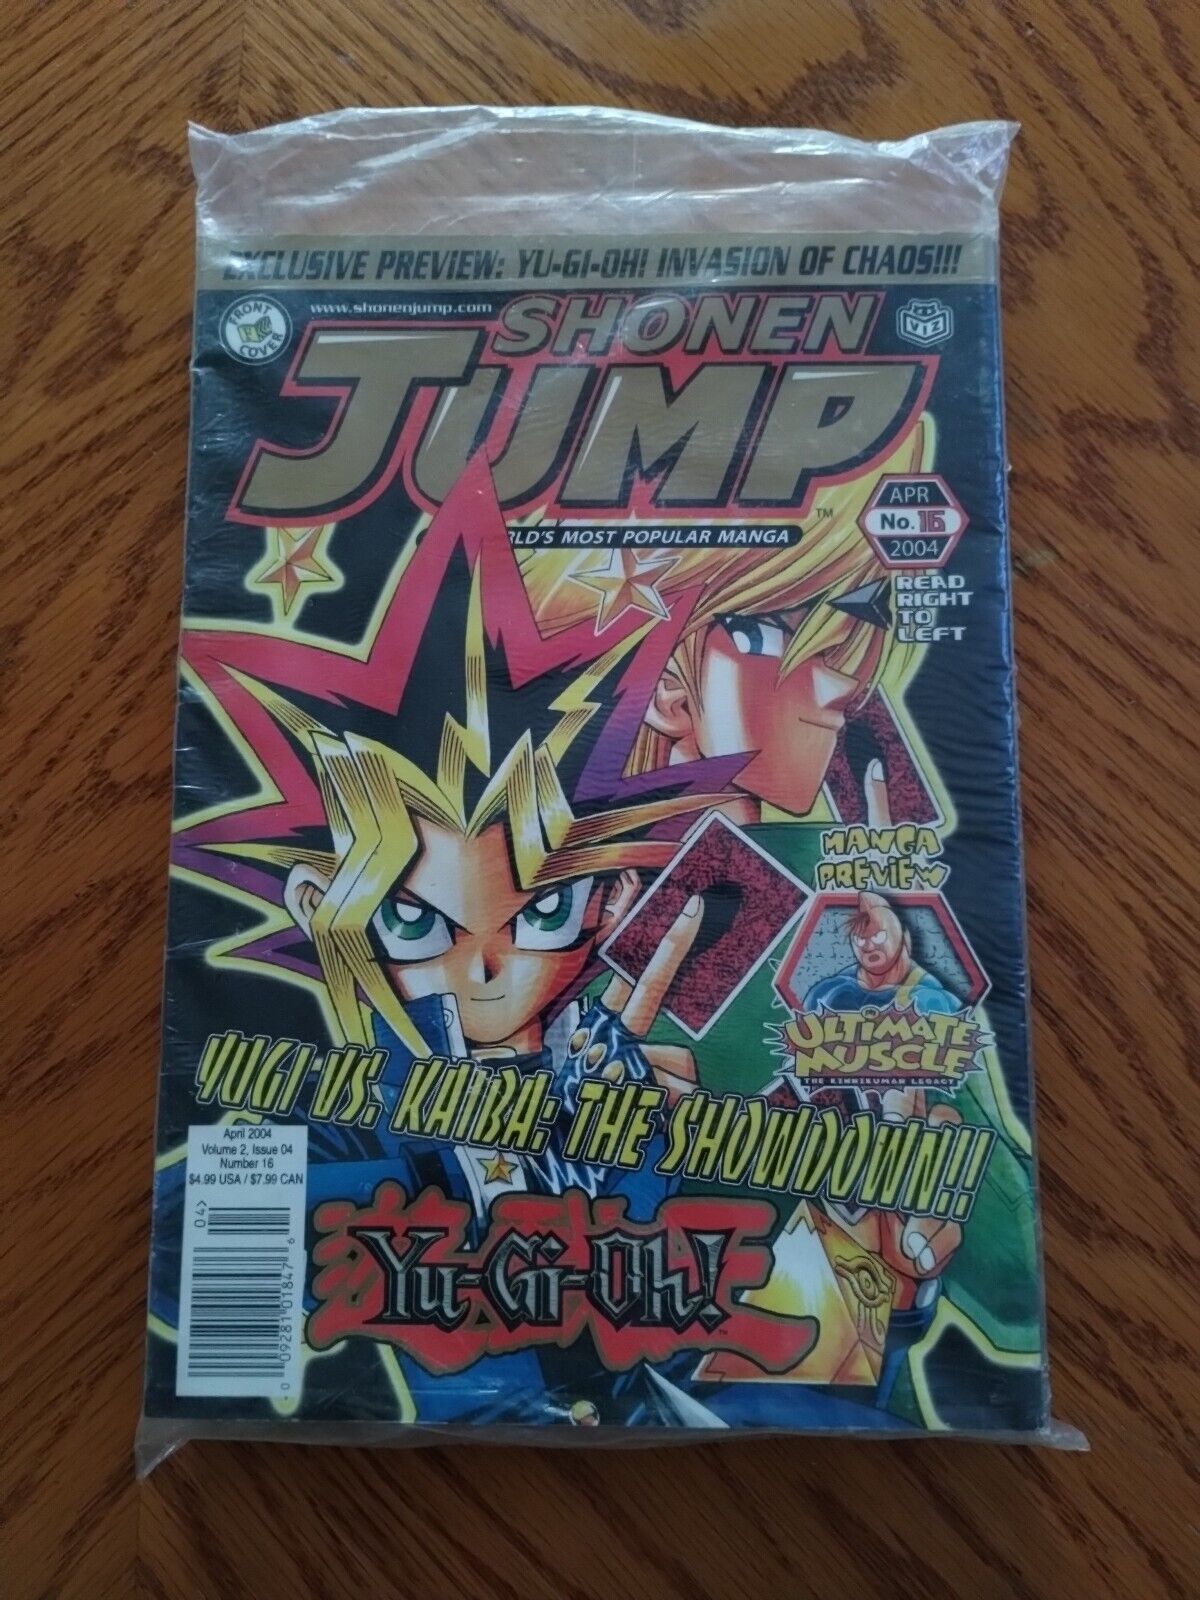 Brand New Sealed Shonen Jump Vol. 2 #16 2004 Yu-Gi-Oh Vs Kiaba The Showdown
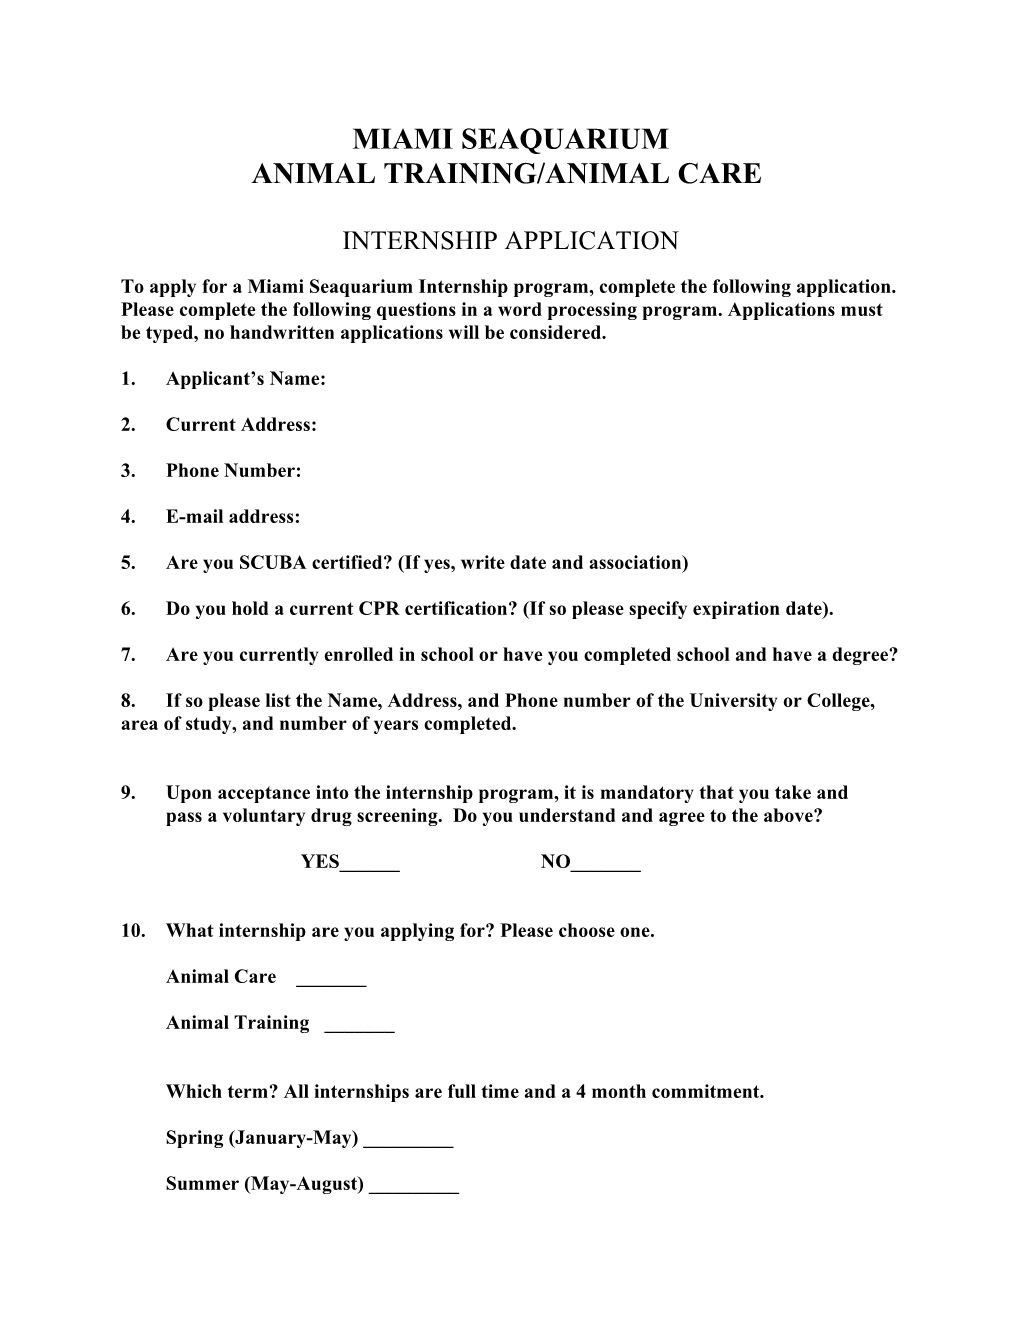 Animal Training/Animal Care
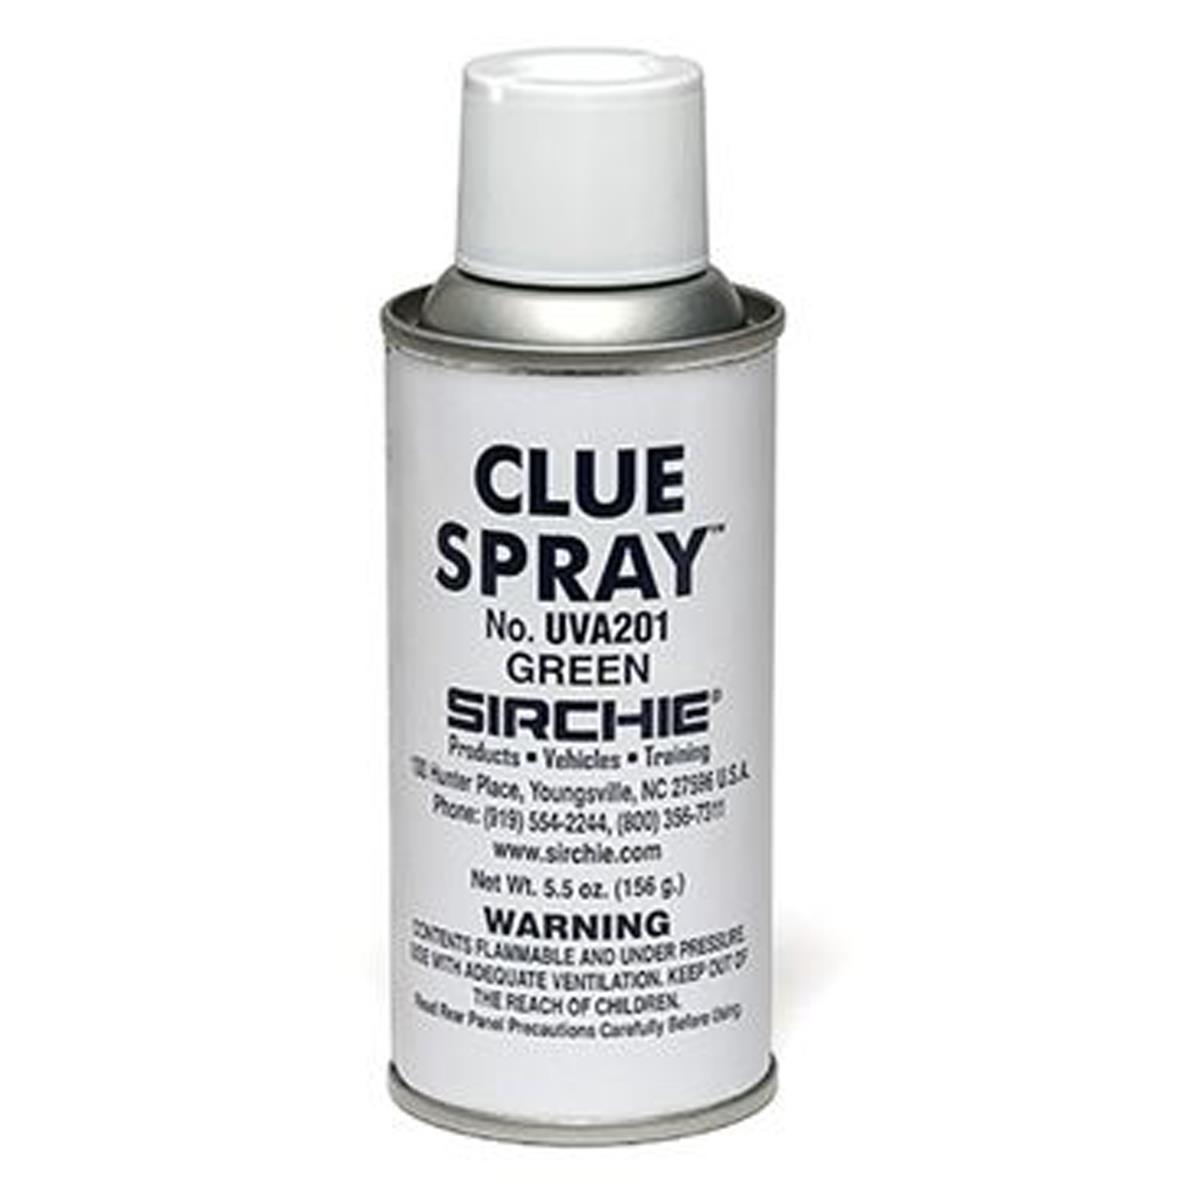 Image of Sirchie 6oz Clue Spray Fluorescent Powder

◆ **EXERCISE DETAILS**:
If pictures appear in the data, do not print them; repeat the rest exactly.

◆ **WRITTEN RESPONSE**:
 Brand New Sealed Shonen Jump Vol. 2 #16 2004 Yu-Gi-Oh Vs Kiaba The Showdown
 Animal Training/Animal Care
 Image of Sirchie 6oz Clue Spray Fluorescent Powder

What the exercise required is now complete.